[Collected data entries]
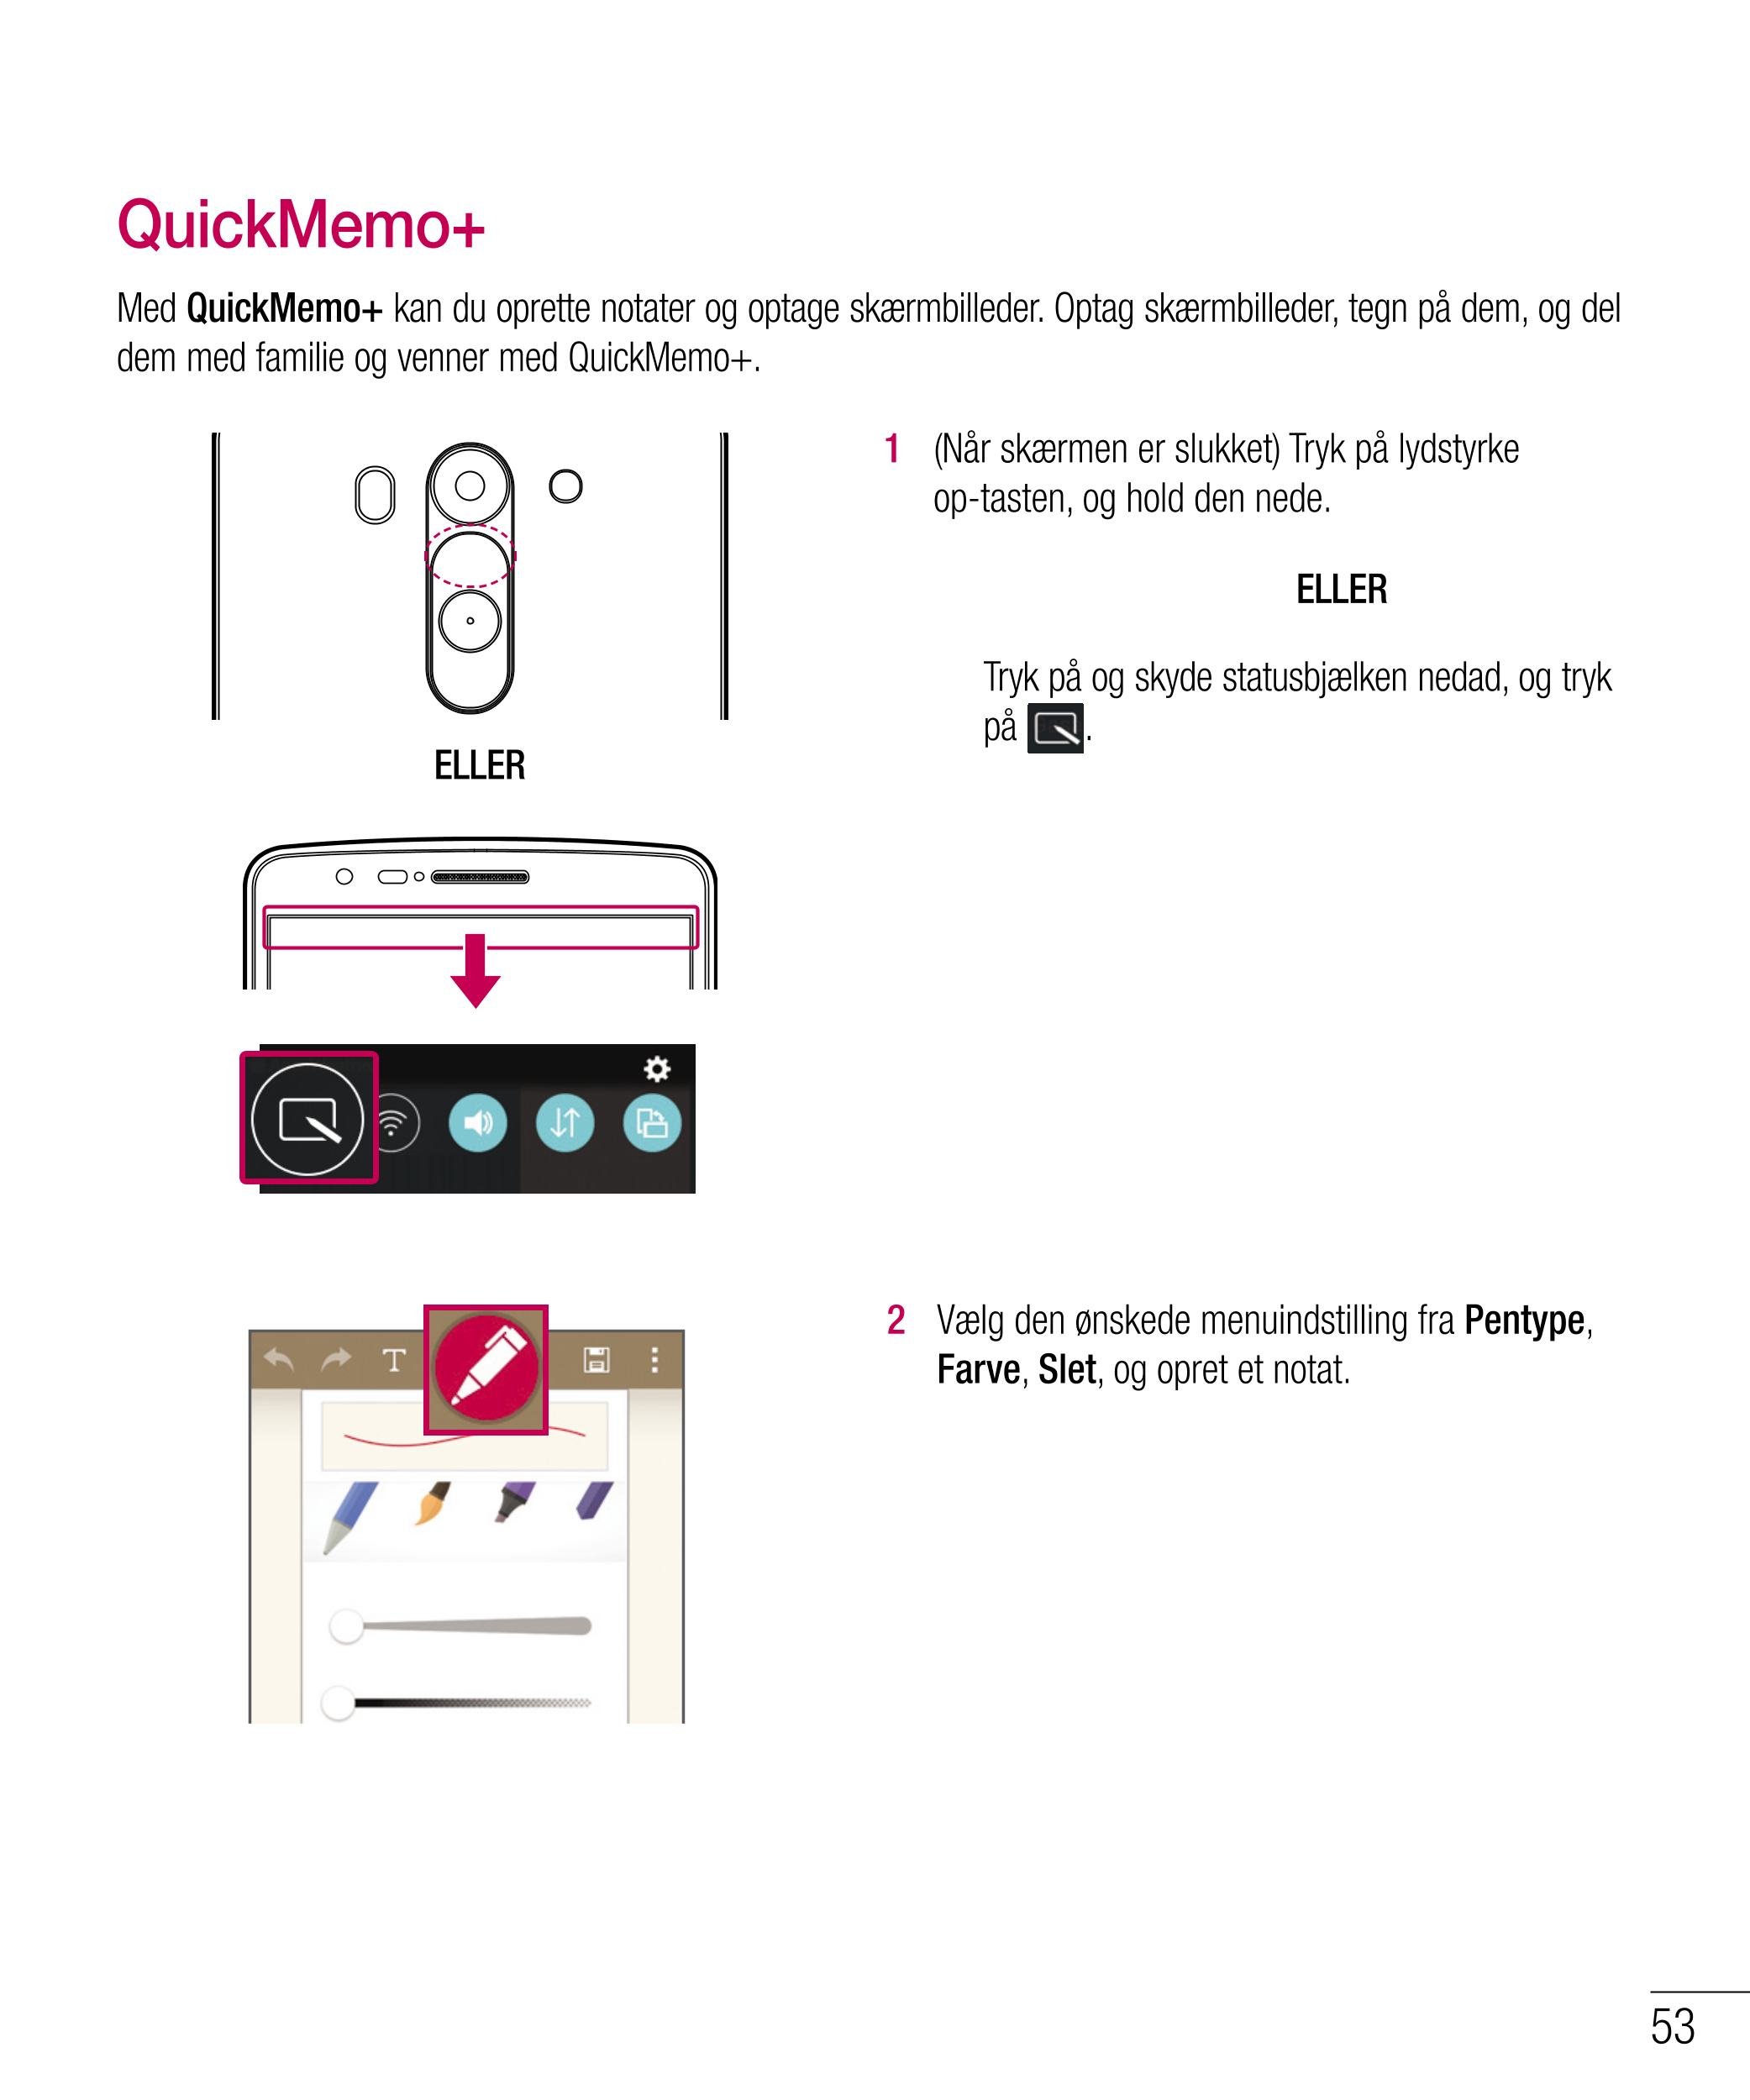 QuickMemo+
Med  QuickMemo+ kan du oprette notater og optage skærmbilleder. Optag skærmbilleder, tegn på dem, og del 
dem med fam
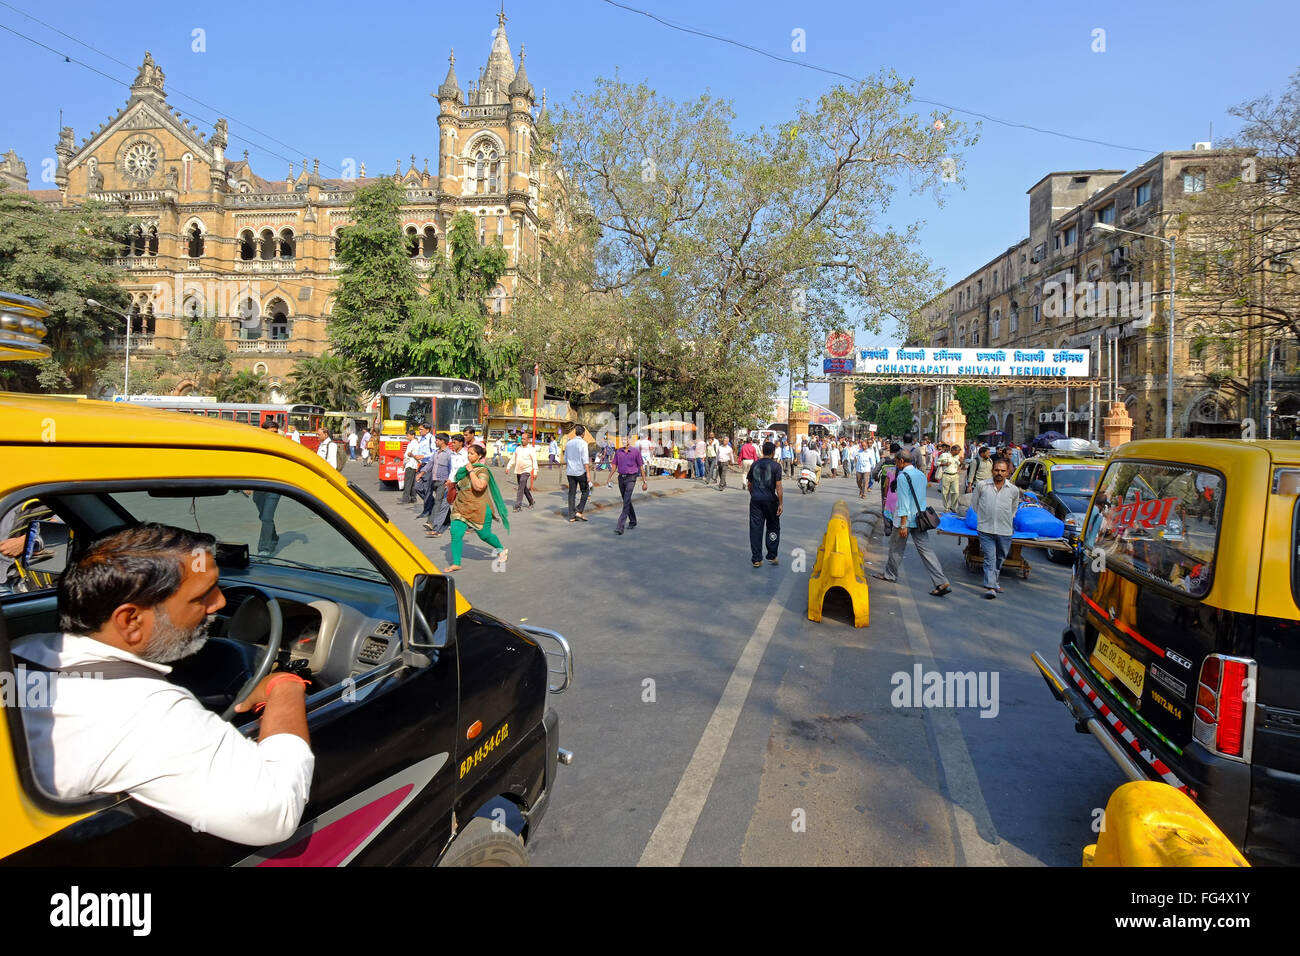 Des taxis à l'extérieur de la gare la Gare Chhatrapati Shivaji Terminus (CST), anciennement connu sous le nom de Victoria Terminus, l'un des plus célèbres édifices de Mumbai Banque D'Images
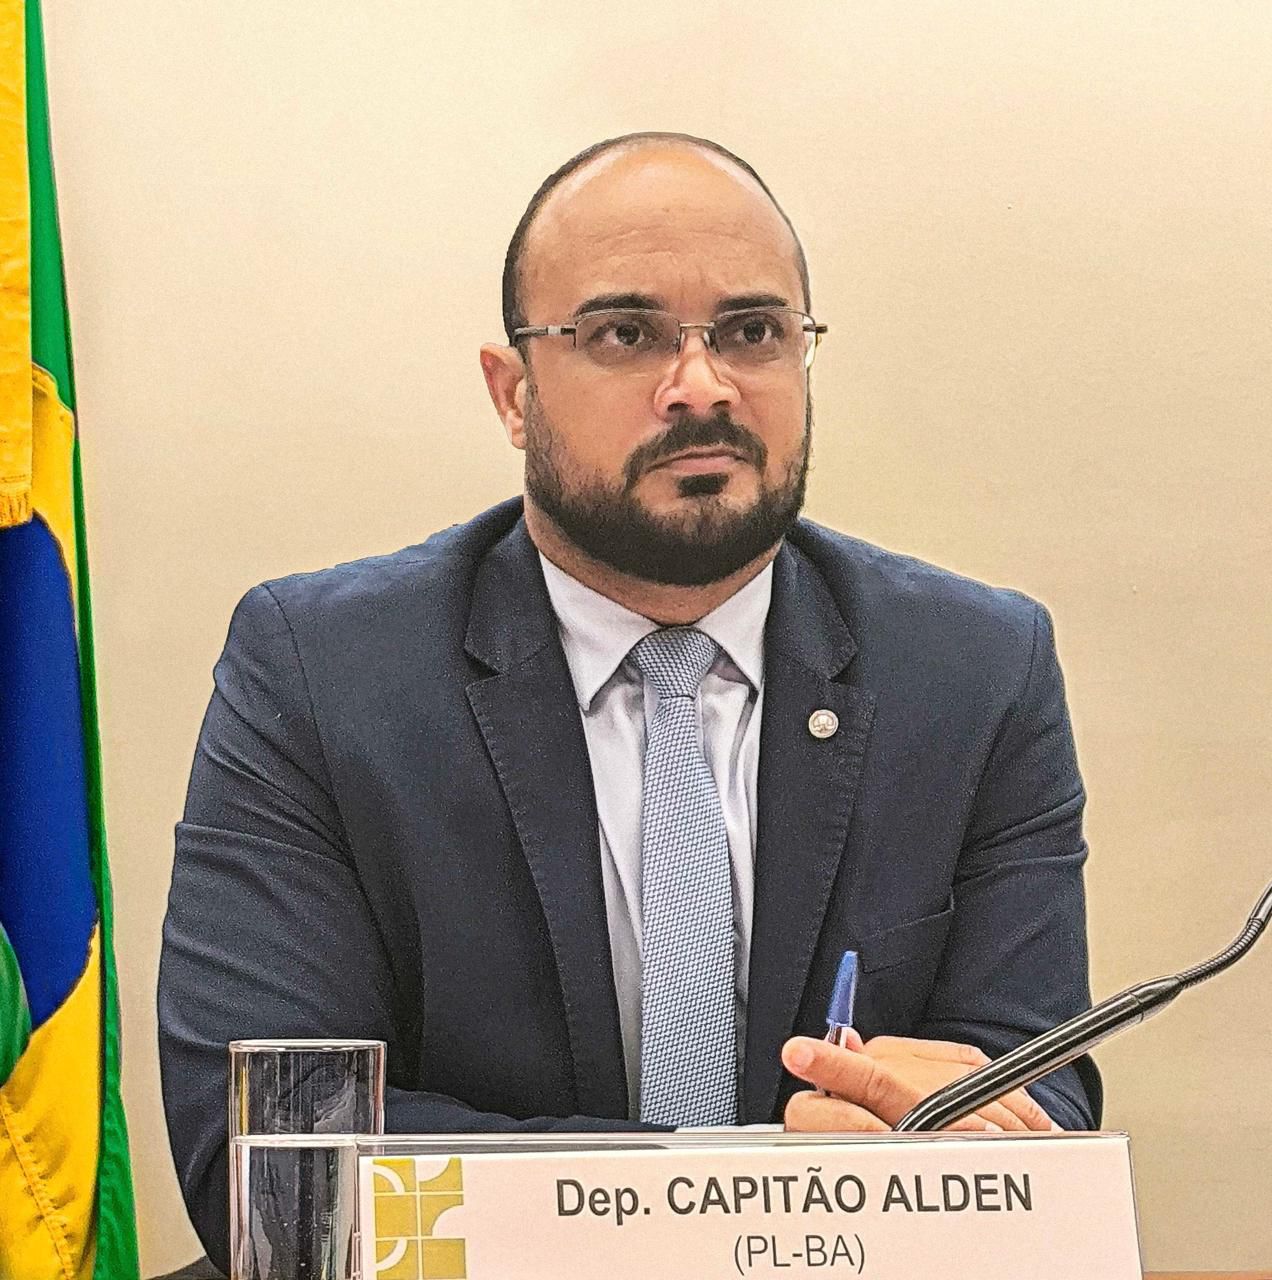 Deputado Capitão Alden quer derrubar lei combate a fake news baiana

## Problem to solve
Write out the records above exactly. Pictures do not belong in the copy.

## Written response
 QuickMemo+
Med  QuickMemo+ kan du oprette notater og optage skærmbilleder. Optag skærmbilleder, tegn på dem, og del 
dem med fam
 Des taxis à l'extérieur de la gare la Gare Chhatrapati Shivaji Terminus (CST), anciennement connu sous le nom de Victoria Terminus, l'un des plus célèbres édifices de Mumbai Banque D'Images
 Deputado Capitão Alden quer derrubar lei combate a fake news baiana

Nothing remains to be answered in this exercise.